### WHAT NEEDS TO BE DONE
Copy word for word, please, the lines of the entries below running from the one containing "tomato based broth" to the one containing "New sales Stark", both ends included.

### DATA RECORDS
◆ ◆ ◆
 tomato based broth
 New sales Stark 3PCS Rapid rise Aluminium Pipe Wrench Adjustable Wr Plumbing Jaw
◆ ◆ ◆
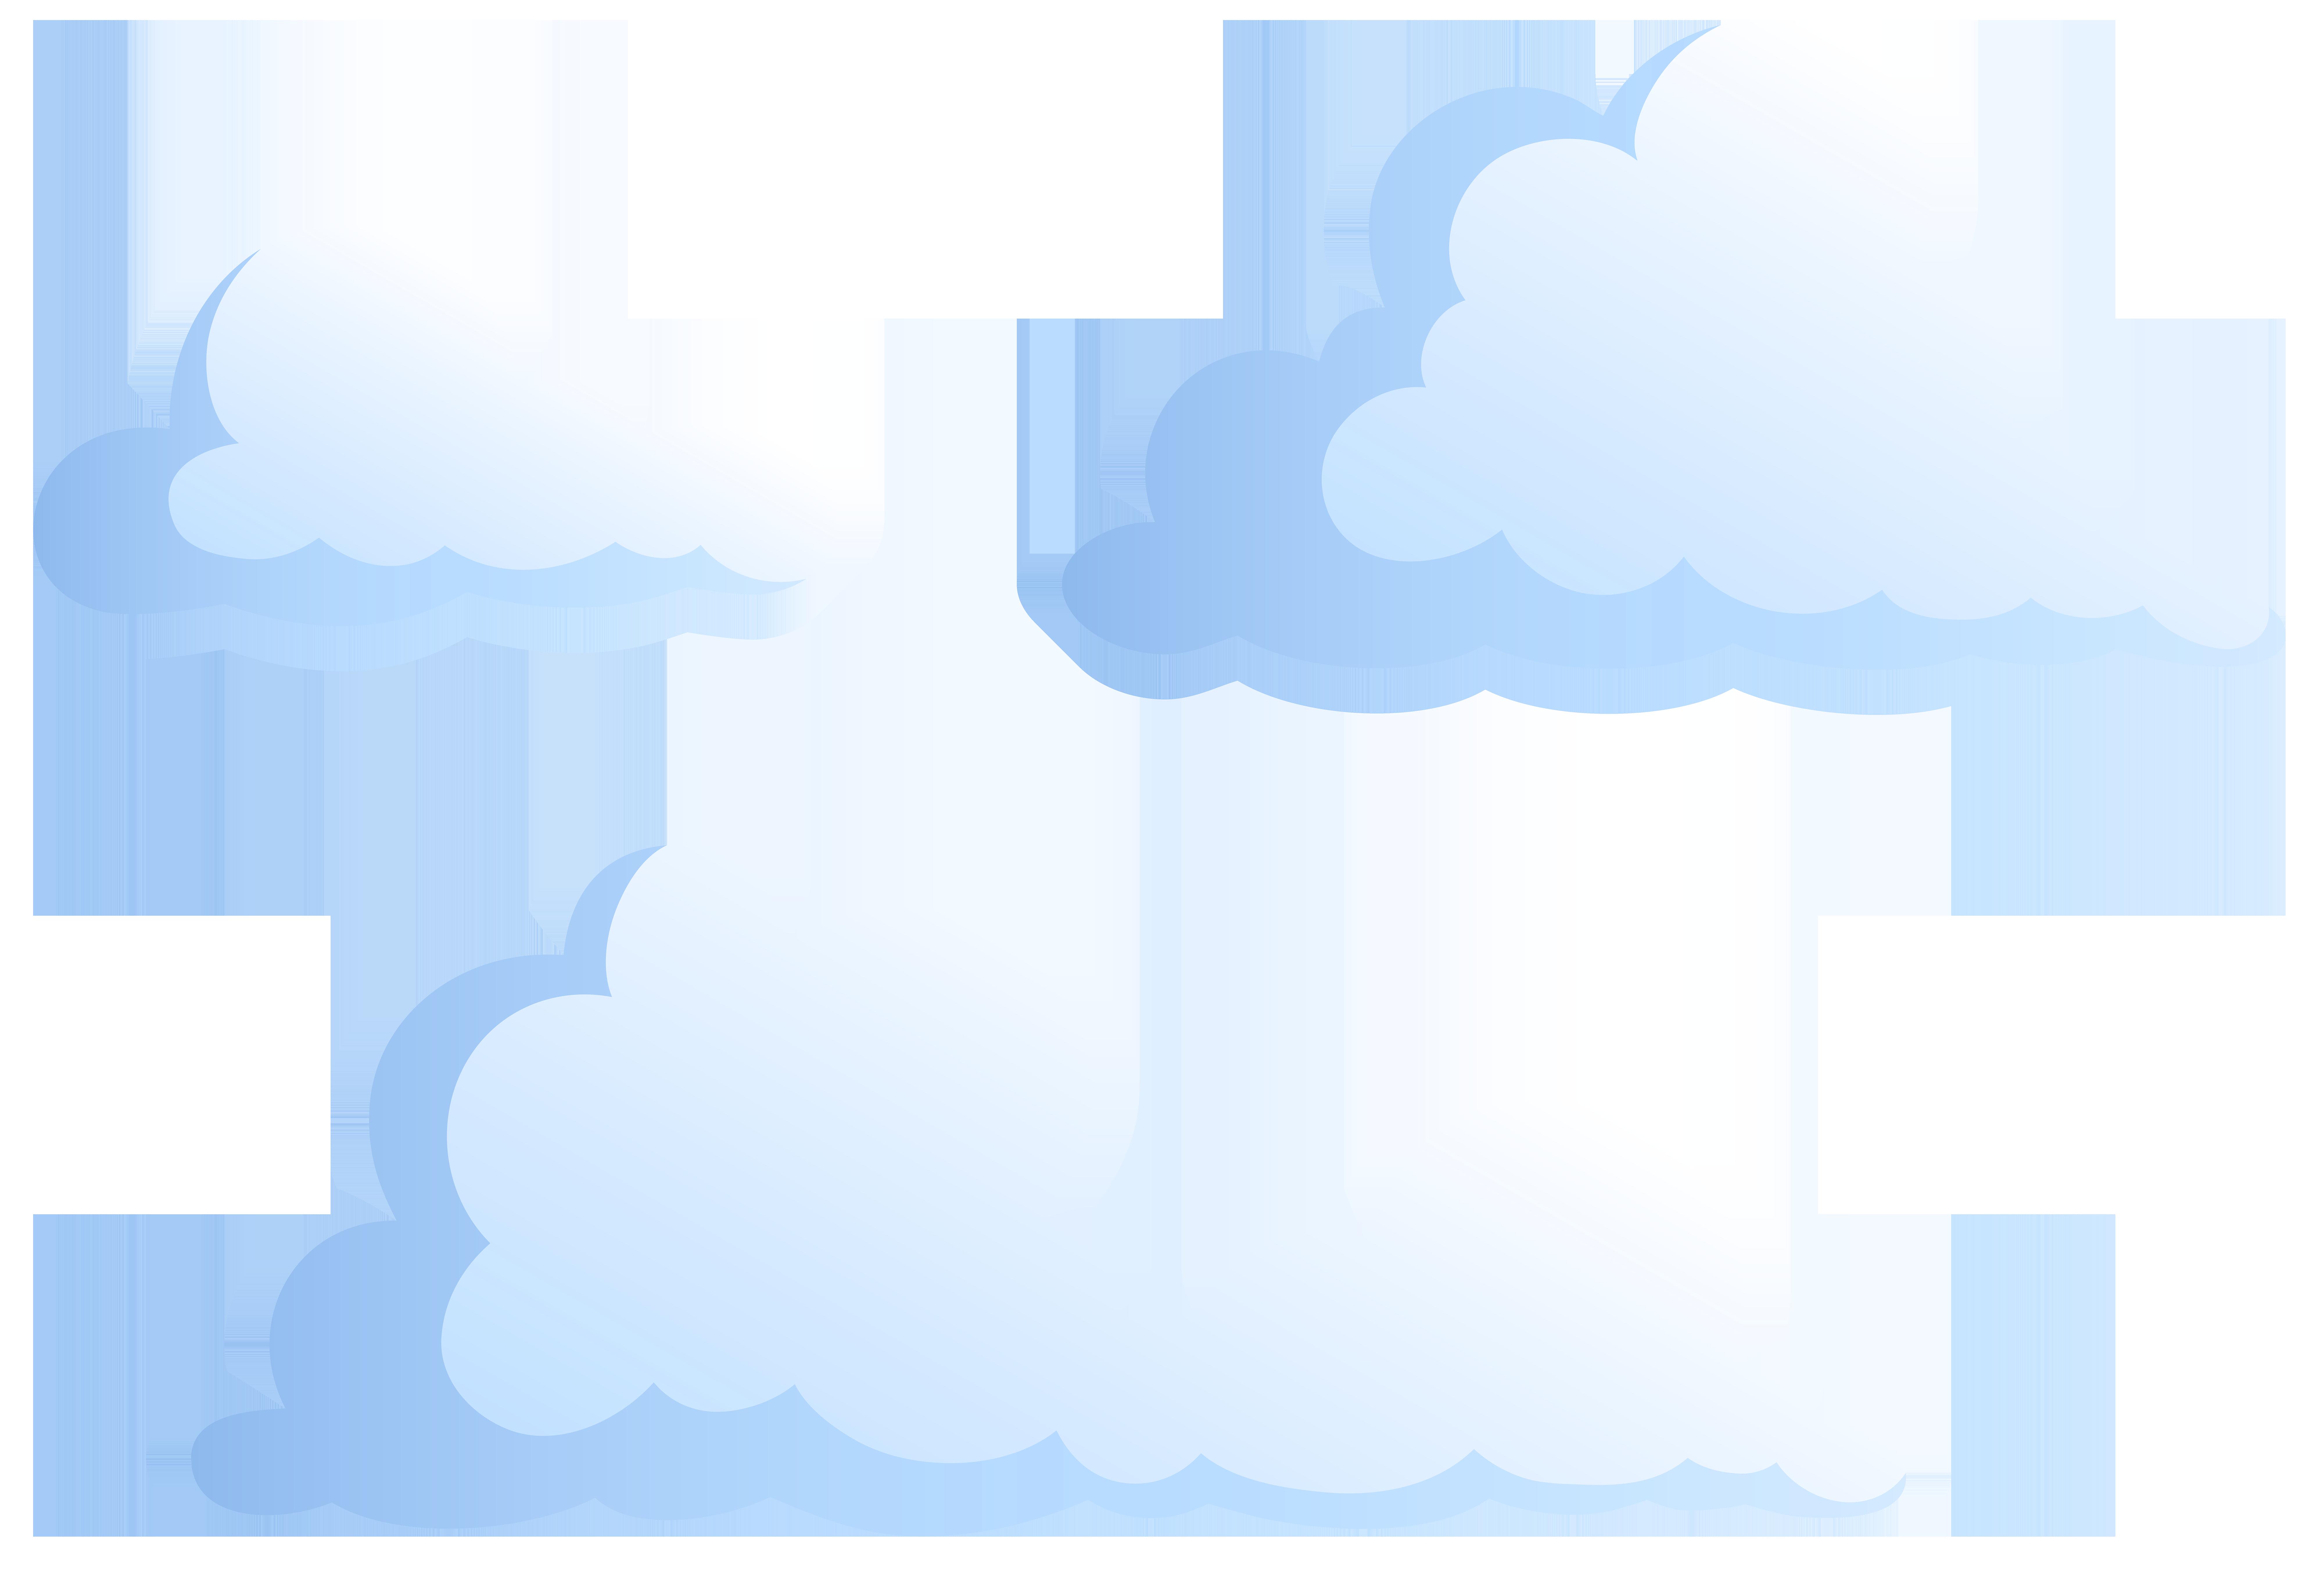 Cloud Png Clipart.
◆ ◆ ◆
### SOLUTION TO THIS TASK
 tomato based broth
 New sales Stark 3PCS Rapid rise Aluminium Pipe Wrench Adjustable Wr Plumbing Jaw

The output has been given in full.